The master of this house thinks himself a “good” slave owner. Though he chooses to treat his slaves in a way he feels is fair, he wholeheartedly believes in slavery. His son does not agree with his father and wishes to hold a heavier hand. Believing the Civil War will win vindication for the South, he is glad when it erupts.

Meanwhile Rissa, the master’s closest servant and loyal friend, finds her boundary with him finally, after her son, Hannibal, is blinded for learning how to read. She will no longer appease her master and leaves him to die alone though he pleads for her help.

Listen to the song The Drinking Gourd here.

Hansberry’s The Drinking Gourd was commissioned by NBC for a series to be run on the centennial of the Civil War. Hansberry’s was to be the first production in the series. They paid her for it and she wrote it “and then they put it away in a drawer”(Les Blancs 145). The producer, Dore Schary tells the story of when he went to the executives of NBC, telling them he had commissioned the first writer, the young black author of A Raisin in the Sun

“There was a long moment of silence. And then the question was asked: ’What is her point of view about it—slavery?’

I thought they were pulling my leg, and so I answered presently, gravely:  ‘She’s against it’.

Nobody laughed—and from that moment I knew we were dead”(Les Blancs 147).

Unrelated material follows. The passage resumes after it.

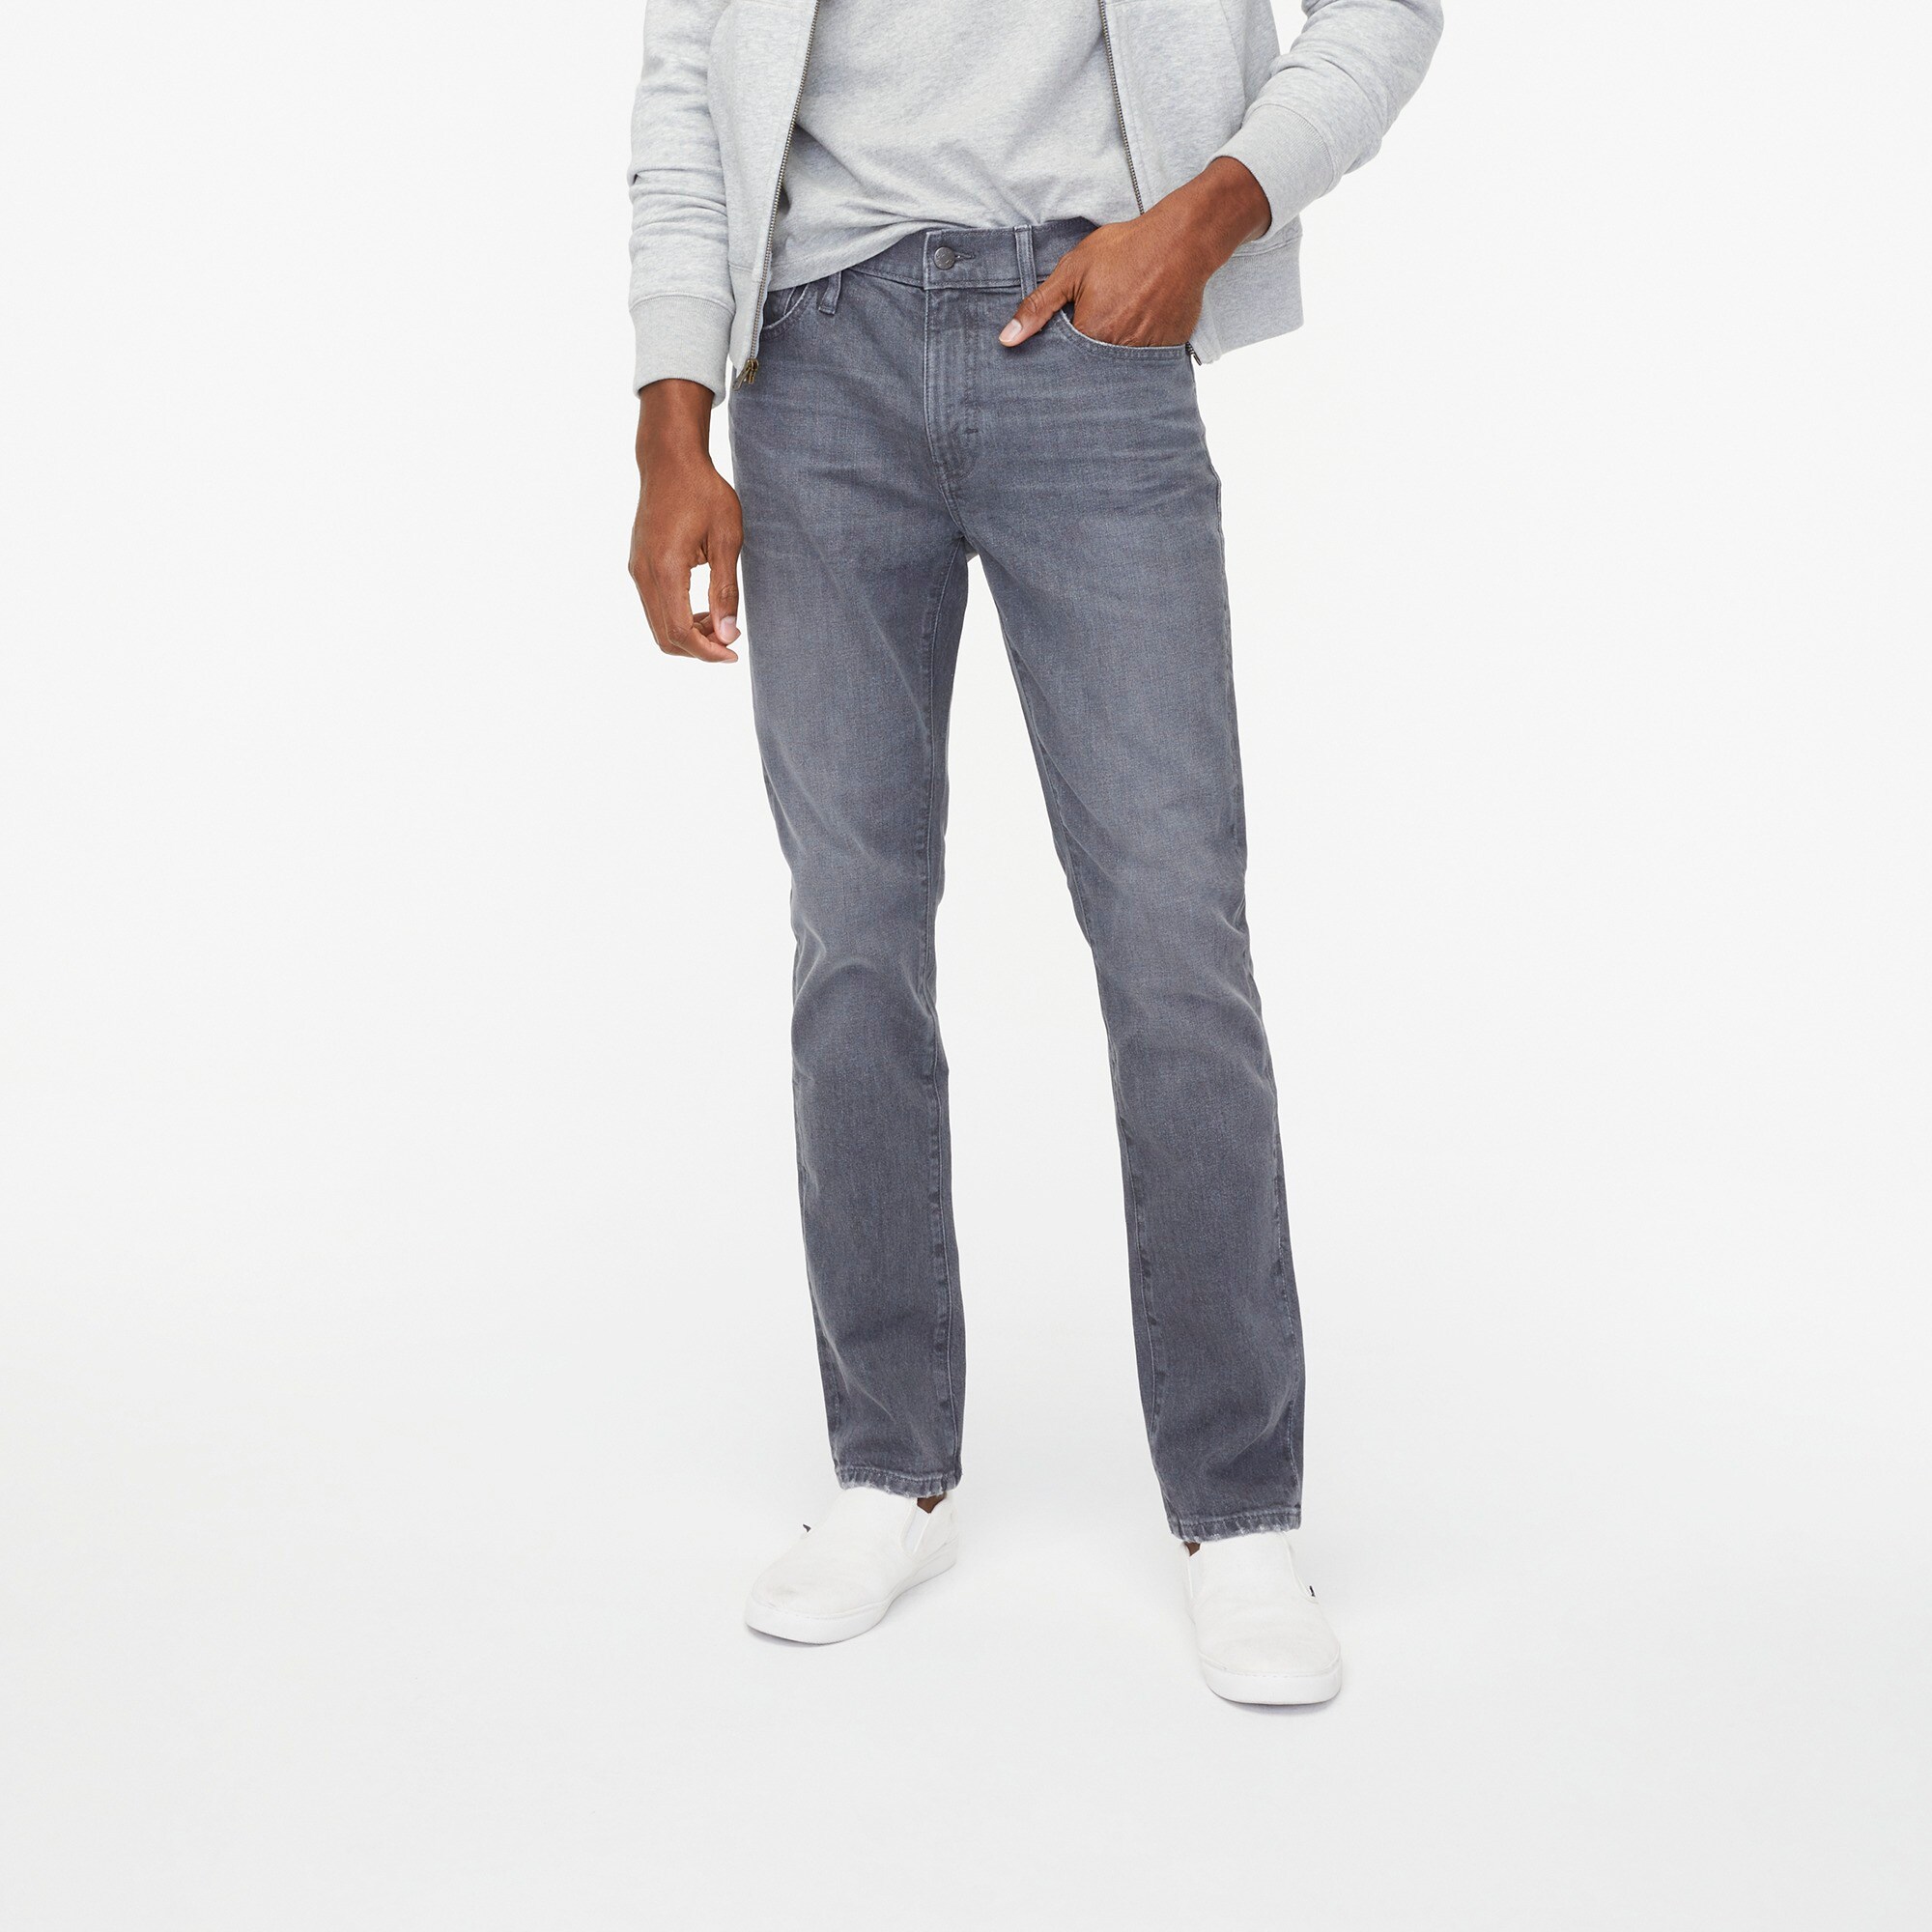  Slim-fit grey jean in signature flex

Thereafter the whole project was dropped.

As Hansberry said many times, “It’s no Gone With the Wind.

Sarah: You mean them aba—aba-litchinists? I heard Marster Sweet say once that they catches runaways and makes soap out of them.

Hannibal: (Suddenly older and wiser) That’s slave-owner talk, Sarah. Whatever you hear Marster say ‘bout slavery—you always believe the opposite. There ain’t nothin’ hurt slave marster so much —(savoring the notion)—as when his property walk away from him. Guess that’s the worst blow of all. Way I look at it, ever’ slave ought to run off ‘fore he die.

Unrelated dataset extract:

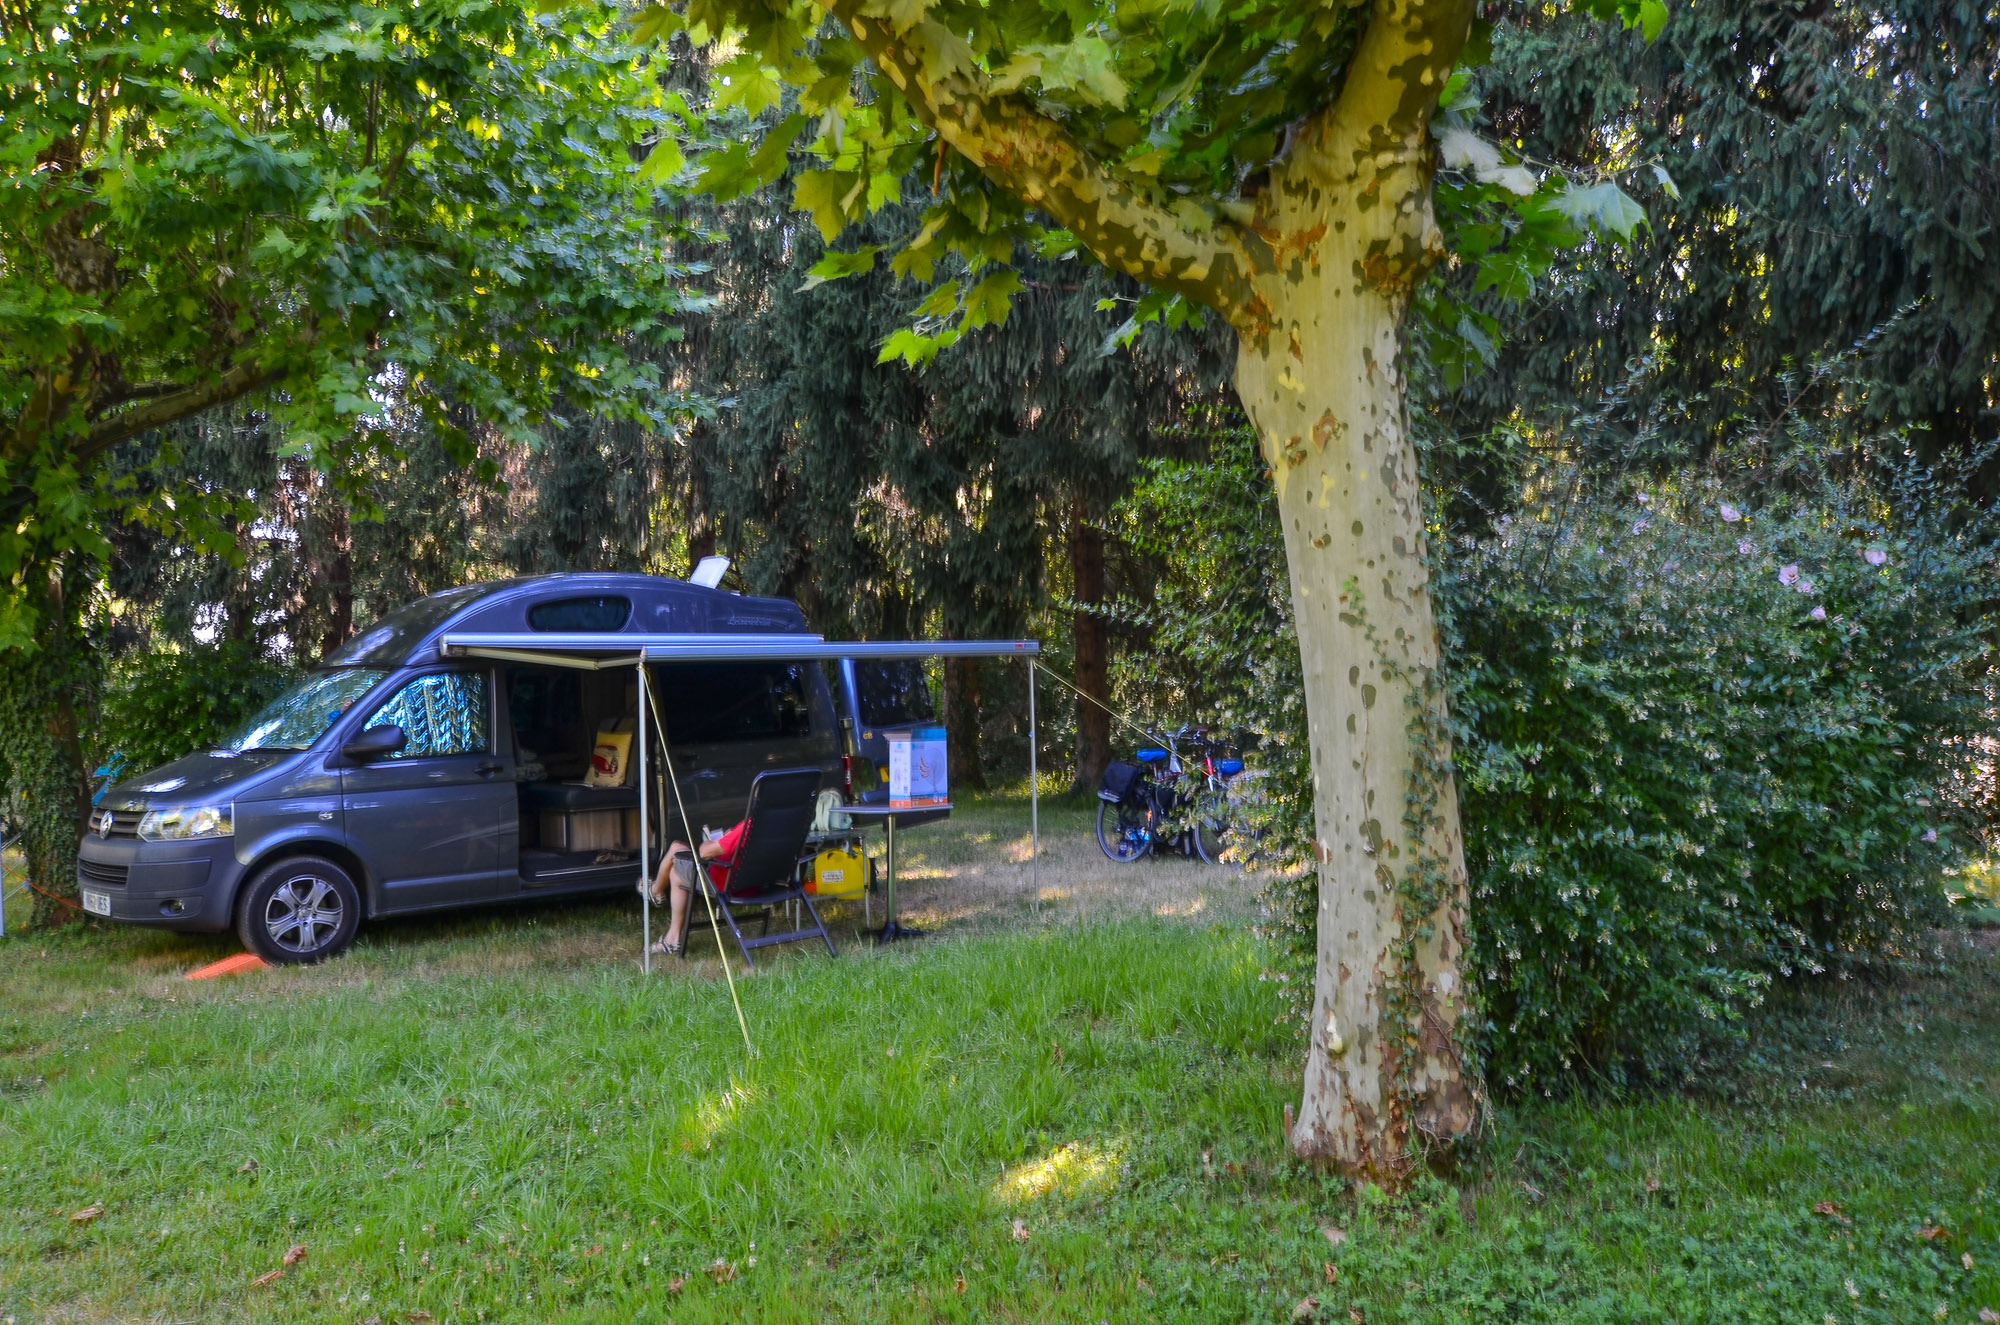 Shady pitches at camping Dordogne

~The Drinking Gourd (Les Blancs 176)

I must confess that in writing this piece I became obsessed with Lorraine Hansberry and ended up reading everything she had ever written. I became despondent over the loss of this woman’s voice, first to pancreatic cancer at the age of 34, and then to the disappearance of her work in the the public canon. I became enraptured by her passion, her ferocity, her insight, with what she was trying to do, to say, to effect, with her art. Ahead of her times doesn’t even come close. She was exceptionally brilliant and poignantly sensitive to the social ideologies of the time and the reality of black and white in America that persist to this day. The struggle, the hope, the despair, the frustration the ignorance, the audacity.

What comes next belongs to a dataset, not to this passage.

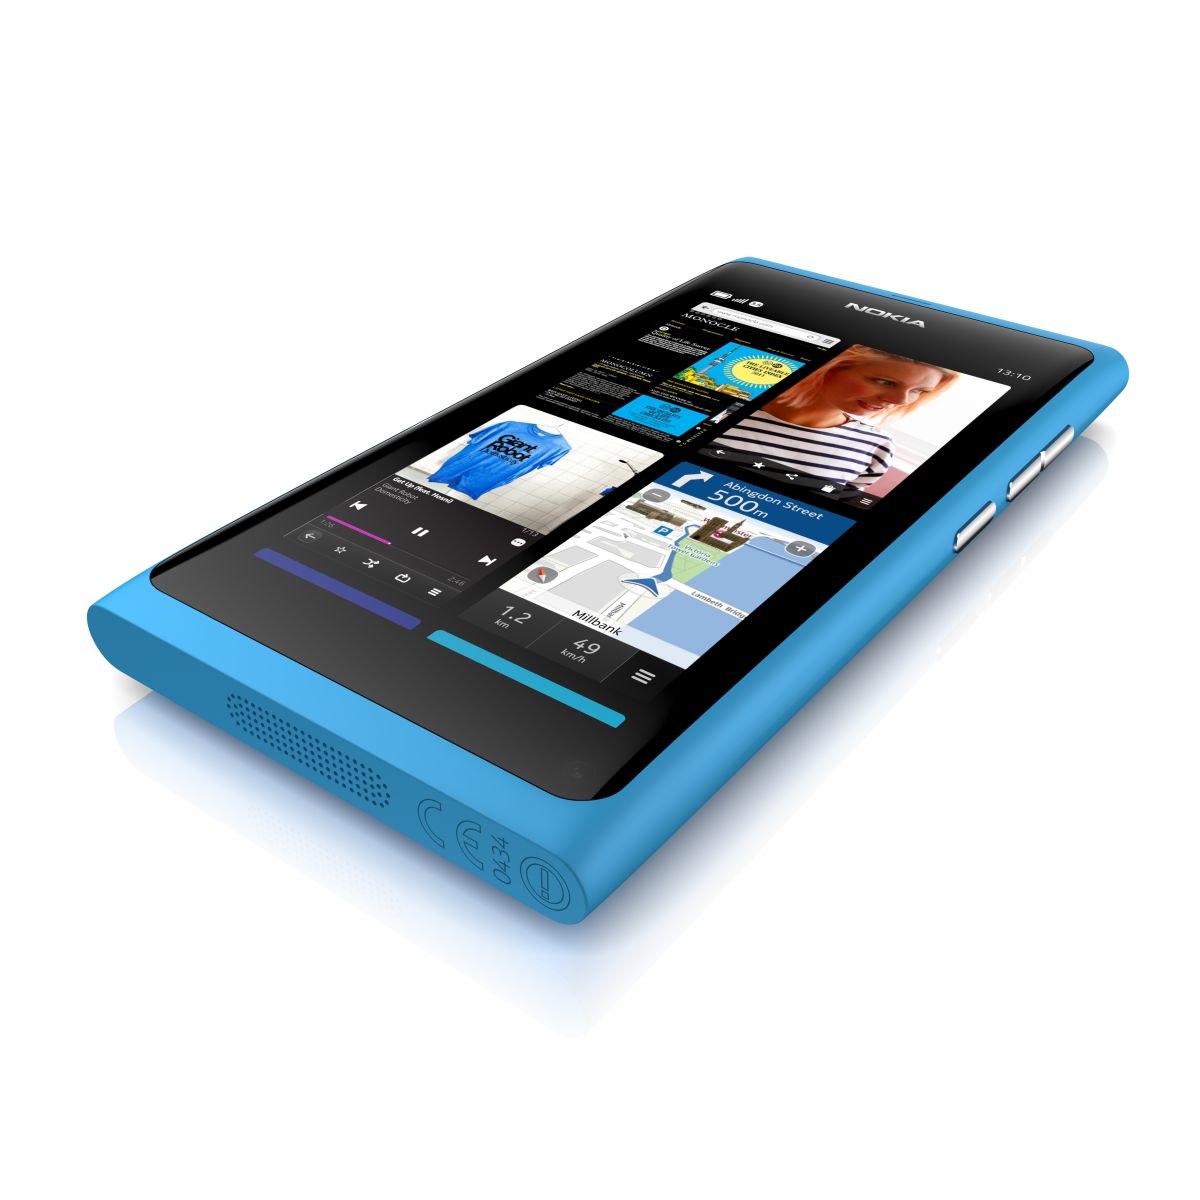 Nokia N9 - Task Switcher 2x2 View

My goddess! This woman was a prophetess. Her voice must be returned.

“I wish to live because life has within it that which is good, that which is beautiful and that which is love. Therefore, since I have known all of these things, I have found them to be reason enough and—I wish to live. Moreover, because this is so, I wish others to live for generations and generations and generations.”

~Lorraine Hansberry

Lorraine Hansberry is a #NastyWomanWriter.

©Theresa C. Dintino 2018

Works Cited

Hansberry Lorraine, A Raisin in the Sun, Modern Library Edition, 1995.

Hansberry, Lorraine, Les Blancs: The Collected Last Plays, Vintage Books, 1972.

Hansberry, Lorraine, To Be Young, Gifted and Black, Signet Classics, 2011.

McKissack, Fredrick L. & Patricia C., Young, Black and Determined,: A Biography of Lorraine Hansberry, Holiday House, 1998.